Some regrets you can’t make up for no matter how hard you try. I think with that type of regret, you have to get over them and the most important step in that process is forgiving yourself. Using my dad as an example again, Mom forgave him and I forgave him, but he did NOT forgive himself. After coming back into my life and receiving the unconditional forgiveness that he felt unworthy to receive, he also saw all the experiences he missed out on. Even though he was included in every family event (even with my mother and her new husband), Dad just couldn’t forgive himself. His regret was so overwhelming. It was impossible for him to go back and recapture the moments from my childhood. He could enjoy the NOW with me, but the regret of the THEN was too much for him to get past.

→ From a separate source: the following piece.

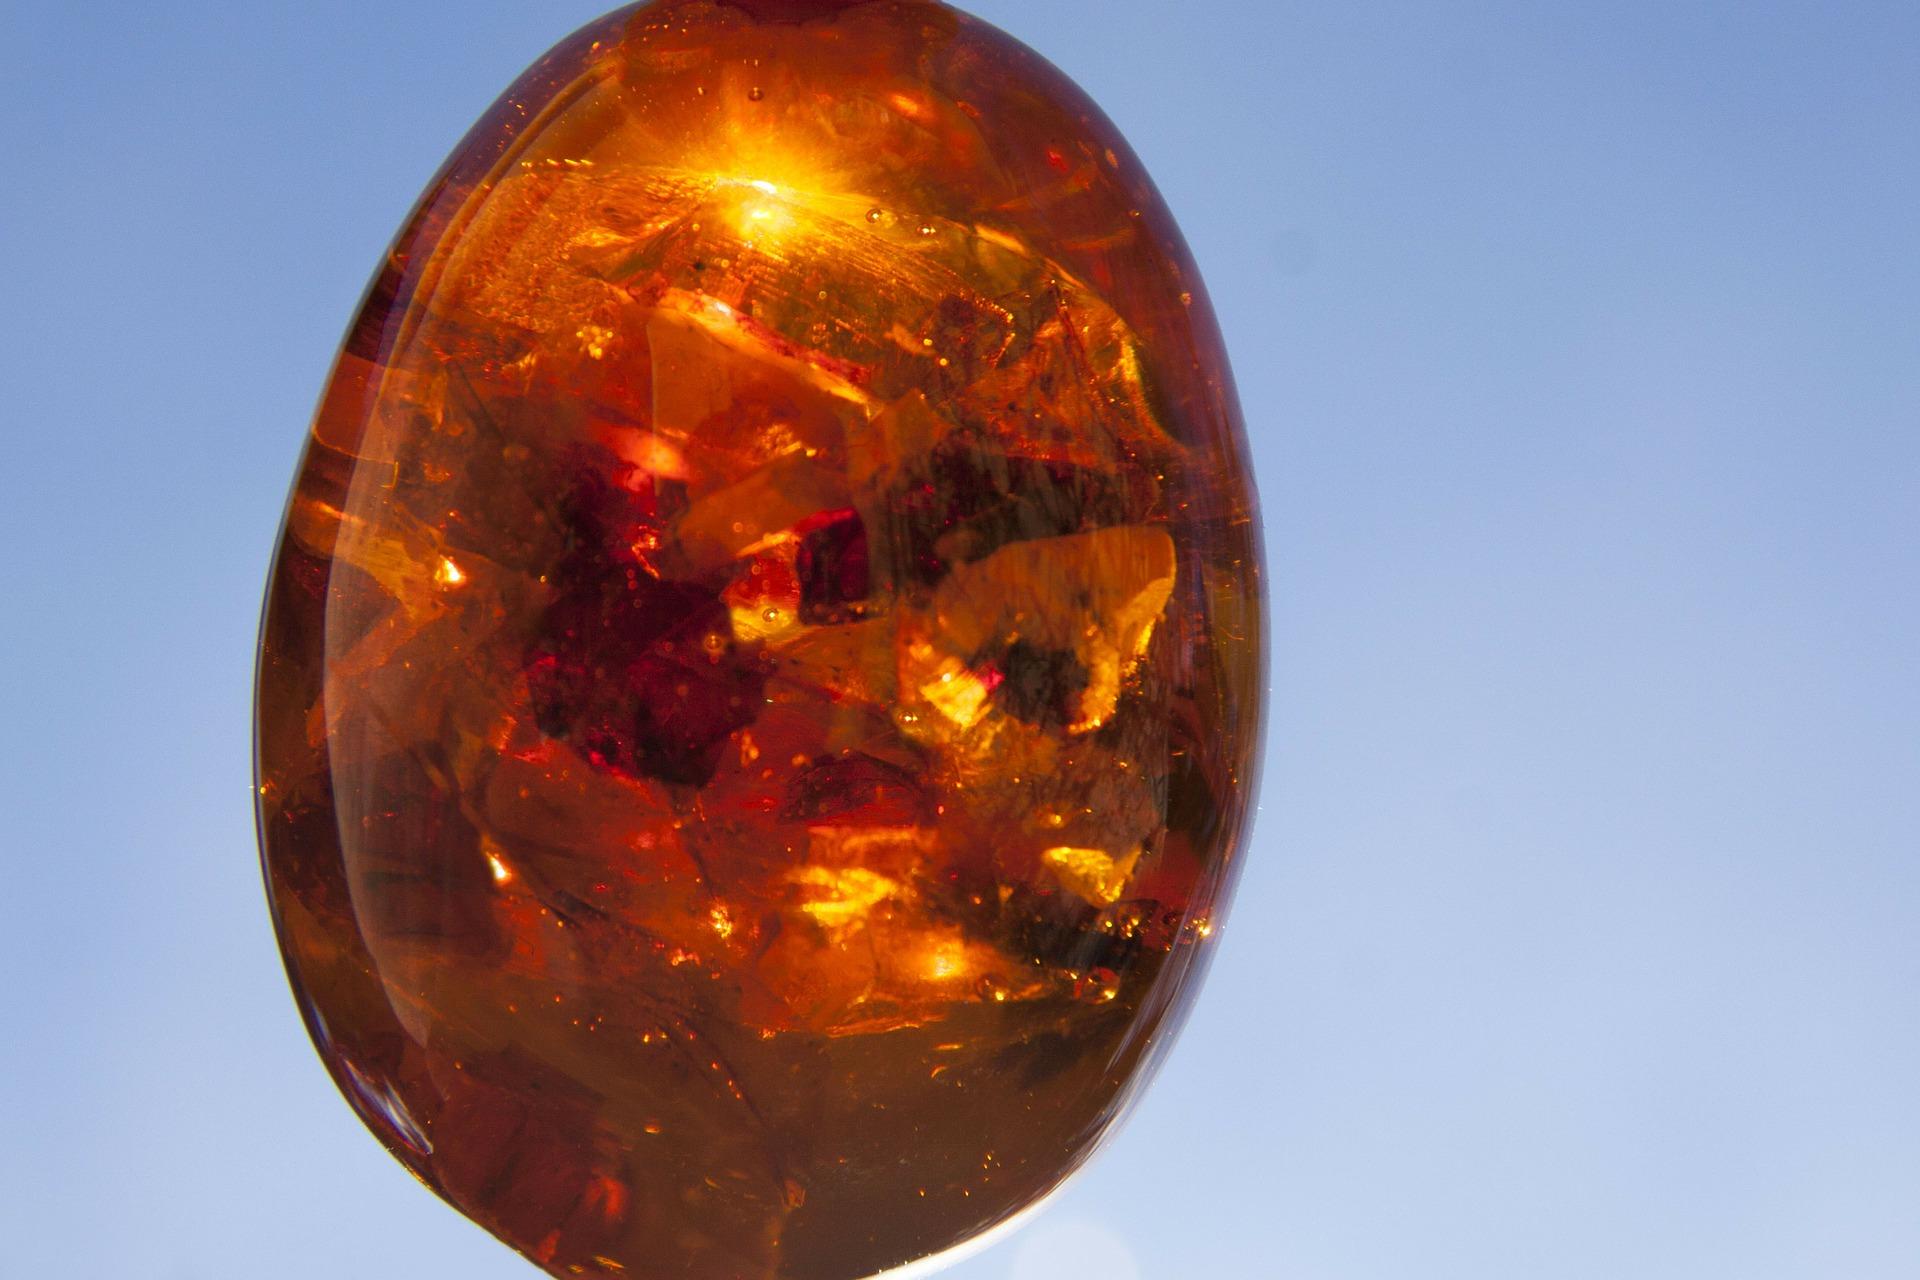 fossilised resin druid egg

Many times I think we perceive the grass to be greener on the other side of the fence, when in fact we are just bored or miserable in our current circumstances and want a quick, easy out. If we would focus more attention to NOW, we would realize that the grass is just as green and maybe greener on our side of the fence.
Acceptance brings peace. Accepting that we are fallible humans means that we also need to accept that some of those mistakes will bring about consequences we will regret, BUT that IS the human experience. The key is to not make HUGE blunders over and over again so that the regret is minimal.
If we get stuck in regrets, they will kill us. Regret diminishes health through poor eating habits, depression, etc. and all of those things combined lower our immunity to terminal diseases.
I’m REALLY hard on myself most of the time. I expect perfection of myself, so it is hard for me to let go of regrets. Believe me, I work on this constantly.